In raw form, I have data with 2 columns: skills in welsh and stats for that skill. For storing these information in a database, would it be best to combine the stats with the categories, or split them up as below?

WELSH_SKILLS_TABLE
----------------------------------------------------
|  SKILL_ID   |                SKILL
----------------------------------------------------
|      0      |            CAN'T SPEAK
----------------------------------------------------


WELSH_STATS_TABLE
----------------------------------------------------
|  SKILL_FK   |                COUNT
----------------------------------------------------
|      0      |                 235
----------------------------------------------------

Instinctively, the laid out method seems to be correct, but for such a simple task, also seems like overkill?

Thanks!

BlackBox
  • 133
  • 4

2 Answers2

4

Without knowing anything else about your system, that seems like total overkill. You'd be better off with a single table that has ID, Skill, and SkillCount.

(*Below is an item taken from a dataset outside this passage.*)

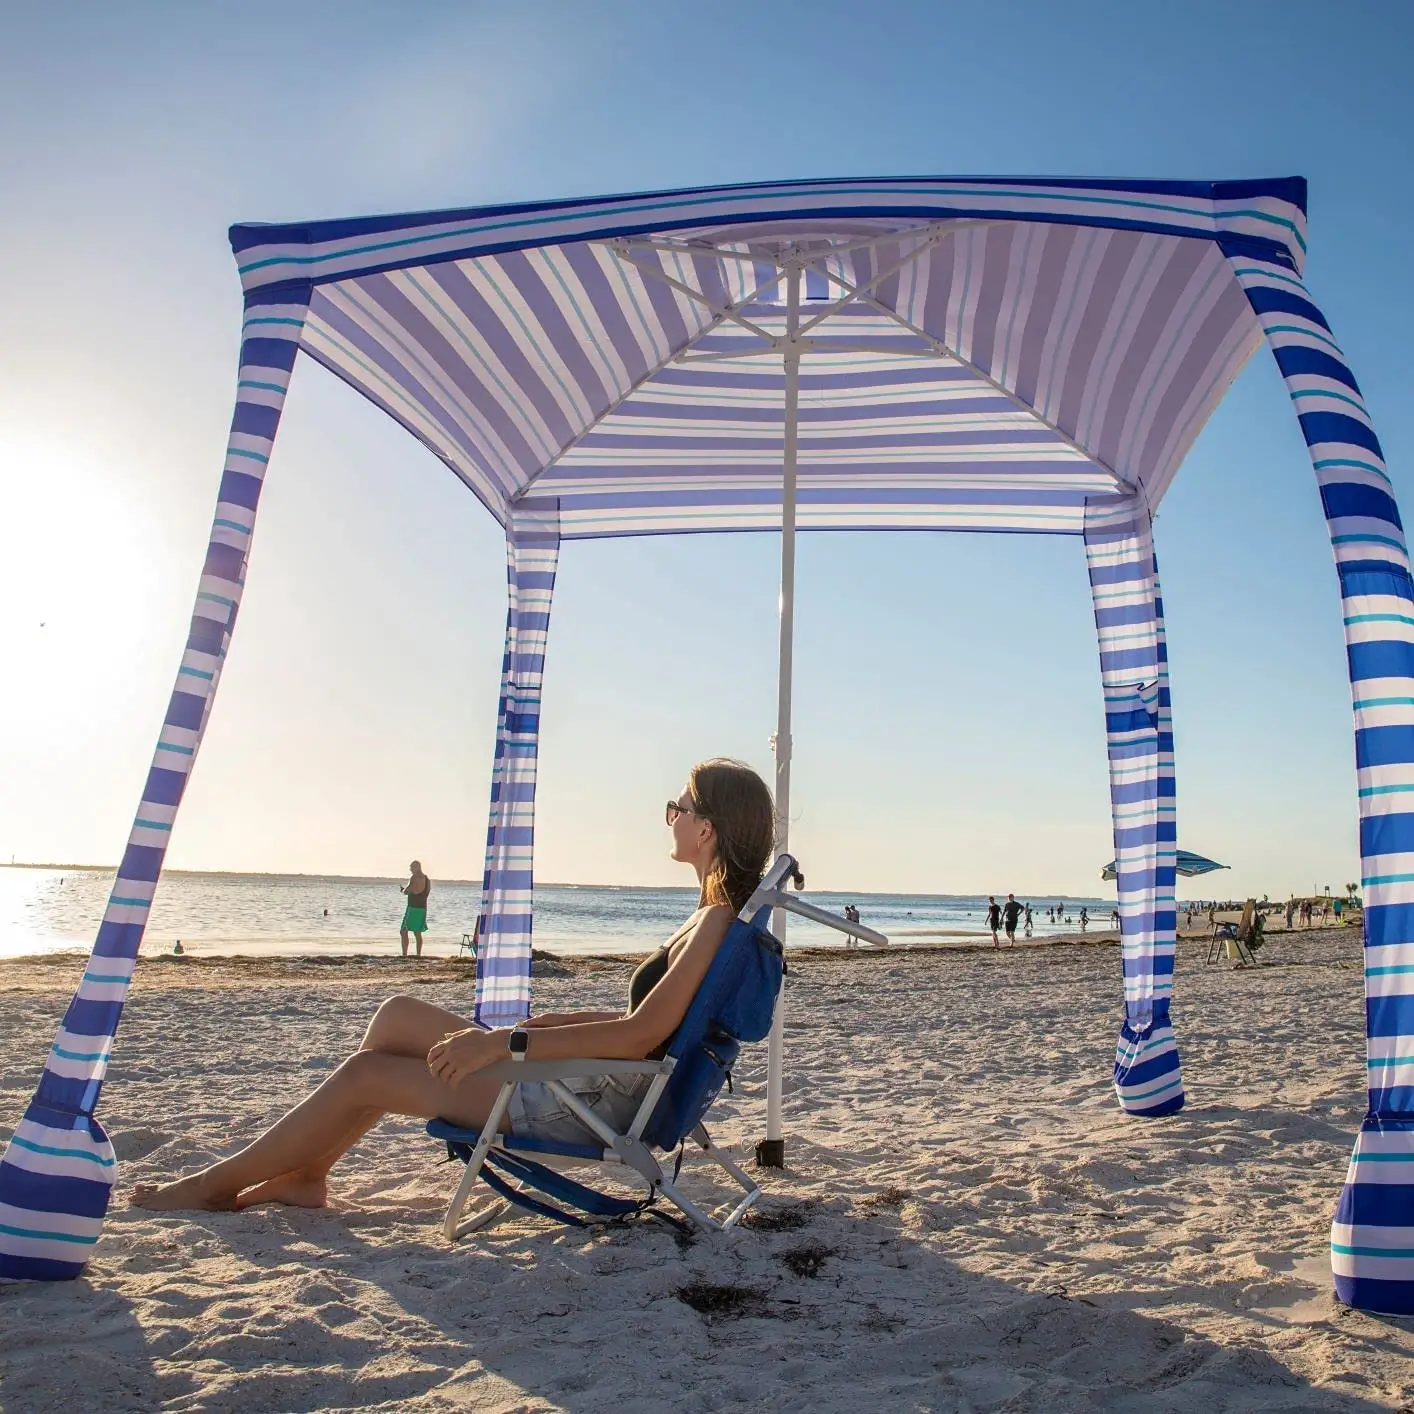 مخصص طباعة 4 أرجل 6 أقدام في الهواء الطلق المحمولة الشاطئ كابانا الخيام الرياح مربع الشمس المأوى مظلة الشاطئ كابانا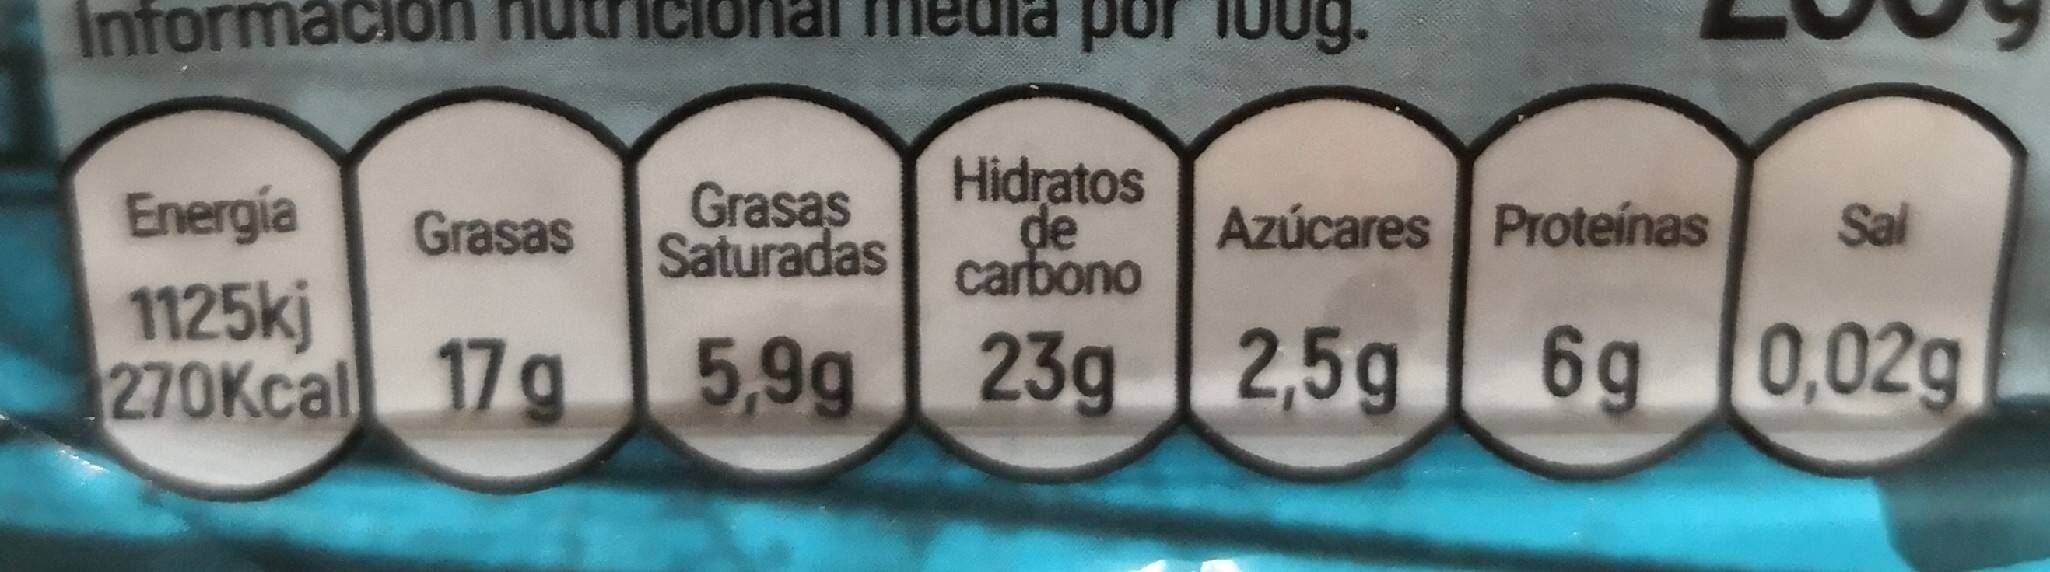 Empanada de atún - Nutrition facts - es

Having two tables for such a simple schema will result in unnecessary work for both the DBA and developer. The database engine will need to perform extra work to JOIN the two tables whenever you require reading both Skill and SkillCount at the same time.

If you had a really, really large dataset (think hundreds of millions or billions of rows) and you regularly needed to access just the Skill and rarely needed to show the SkillCount field, then perhaps you might consider using your design.

Hannah Vernon
  • 70,928
  • 22
  • 177
  • 323
4

You ask about normalization.

If you start with this

skill        count
--
Can't speak  235
...

it should be clear that the only candidate key is "skill". This relation is in 5NF.

There is no normalization guideline that introduces new columns like "skill_id". (There's no such thing as "now I have an ID number" normal form.)